Rigorous homogenization of reactive transport and flow fully coupled to an evolving microstructure

Abstract

We consider the homogenization of a coupled Stokes flow and advection-reaction-diffusion problem in a perforated domain with an evolving microstructure of size epsilon. Reactions at the boundaries of the microscopic interfaces lead to the formation of a solid layer, which is assumed to be radially symmetric with a variable, a priori unknown thickness. This results in a growth or shrinkage of the solid phase and, thus, the domain evolution is not known a priori but induced by the advection-reaction-diffusion process. The achievements of this work are the existence and uniqueness of a weak microscopic solution and the rigorous derivation of an effective model for epsilon -> 0, based on epsilon-uniform a priori estimates. As a result of the passage to the limit, the processes on the macroscale are described by an advection-reaction-diffusion problem coupled to Darcy's equation with effective coefficients (porosity, diffusivity and permeability) depending on local cell problems.

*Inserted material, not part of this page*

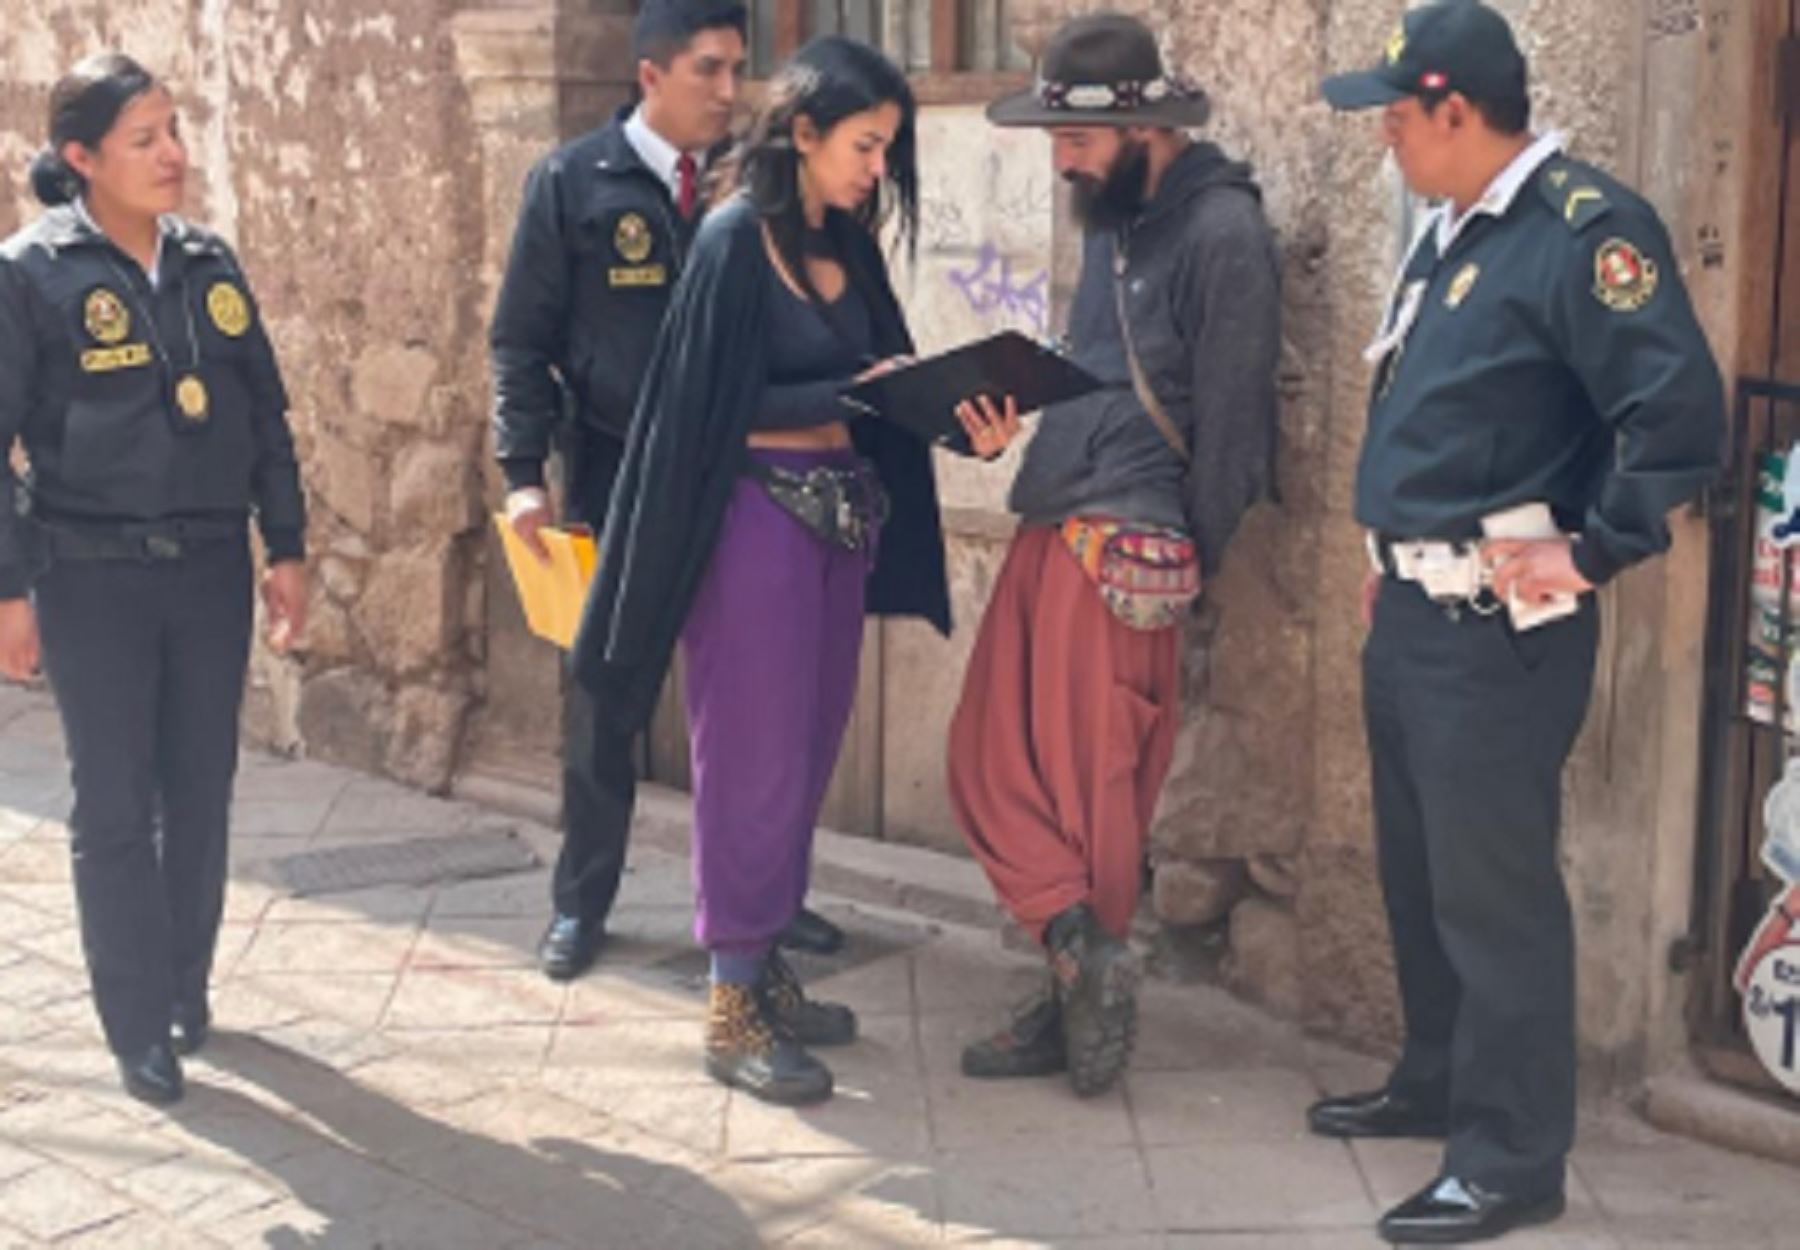 Agentes de la Región Policial Cusco encontraron sanos y salvos a dos turistas extranjeros reportados extraviados desde el 11 de marzo, tras visitar la montaña Pachatusan, ubicada en el distrito de San Salvador, en la provincia cusqueña de Calca.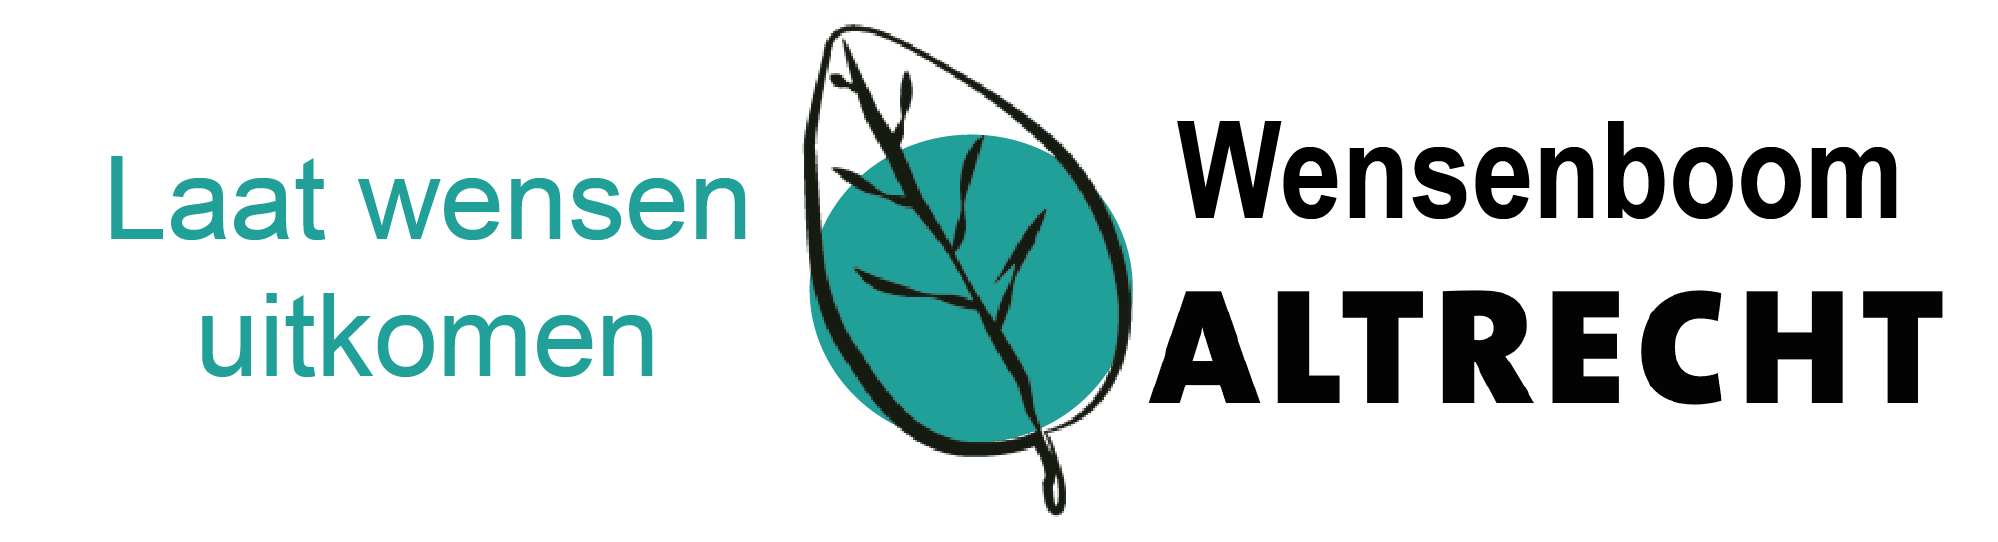 logo wensenboom

These local problems are formulated on cells that depend on the macroscopic position and evolve in time. In particular, the evolution of these cells depends on the macroscopic concentration. Thus, the cell problems (respectively the effective coefficients) are coupled to the macroscopic unknowns and vice versa, leading to a strongly coupled micro-macro model. Homogenization results have been obtained recently for the case of reactive-diffusive transport coupled with microscopic domain evolution, but in the absence of advective transport. We extend these models by including the advective transport, which is driven by the Stokes equations in the a priori unknown evolving pore domain.